Doris Lemngole
- Lemngole in 2026

Personal information
- Nationality: Kenyan
- Born: 5 February 2002 (age 24)
- Height: 5 ft 7 in (170 cm)

Sport
- Sport: Athletics
- Event: Long distance running

Achievements and titles
- Personal bests: Outdoor 1500m: 4:09.28 (Tuscaloosa, 2025) 3000m Steeplechase: 8:52.86 (Brussels, 2026) Indoor Mile: 4:43.96 (Clemson, 2025) 3000m: 8:31:39 (New York, 2026) CR 5000m: 14:51.21 (Boston, 2026) Road 5km 14:40 (Lille, 2023)

Medal record
Women's athletics
Representing Kenya
Diamond League Final
| Second place | 2026 Brussels | 3000 m S’chase |

= Doris Lemngole =

Kenyan athlete (born 2002)

Doris Lemngole (born 5 February 2002) is a Kenyan long-distance runner. In 2024, she won the NCAA titles in the 3000m steeplechase and cross country running. In 2025, she won the NCAA indoor title over 5000 metres and retained her NCAA titles over 3000 metres steeplechase and cross country, and won the Bowerman Award. She placed fifth in the steeplechase at the 2025 World Championships.

==Biography==
Lemngole is from Kapenguria, Kenya and moved to the United States to compete in the collegiate system for the University of Alabama.
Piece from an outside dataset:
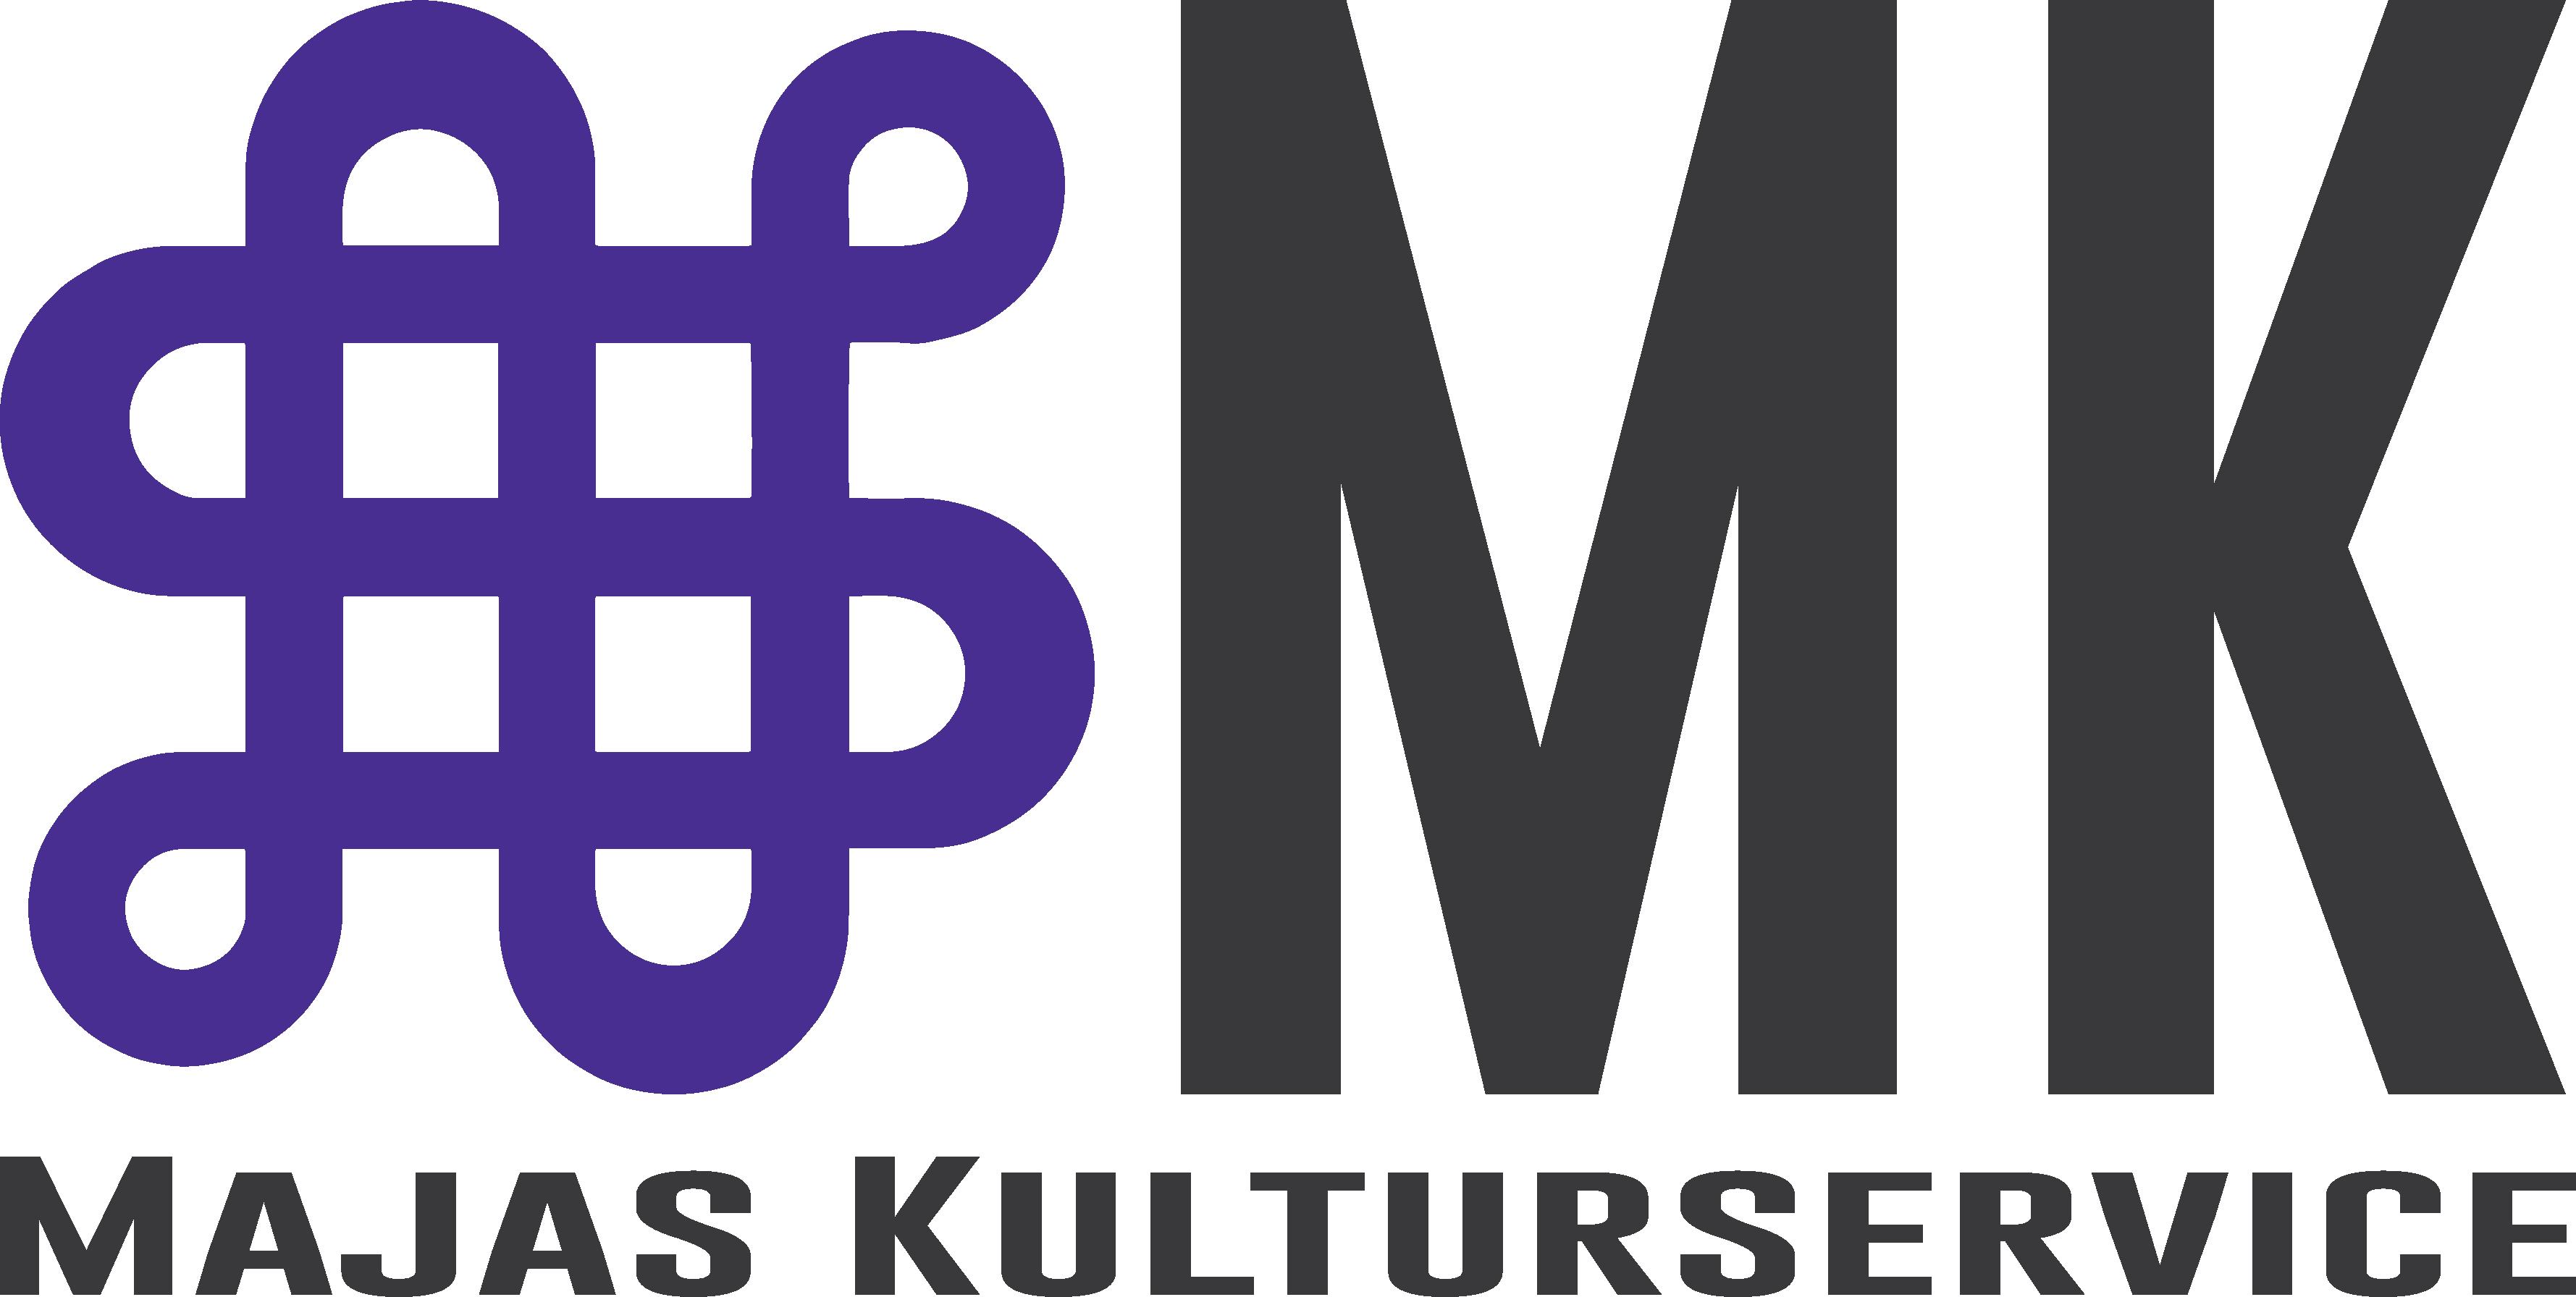 MAJAS KULTURSERVICE

===2023-2024: First NCAA titles===
On 19 March 2023 before being recruited for Alabama, she had already run 14:40 for a road 5K run at the Semi Marathon de Lille, faster than the U.S. collegiate record for the same distance on the track. In November 2023, she was runner up to Parker Valby at the NCAA Cross Country Championship in Charlottesville, Virginia.

In February 2024, she ran the second-fastest indoor collegiate time of all time in the women's 5000m, running 15:04.71 at the David Hemery Valentine Invitational. In June 2024 she won the NCAA 3000 metres steeplechase title in Eugene, Oregon.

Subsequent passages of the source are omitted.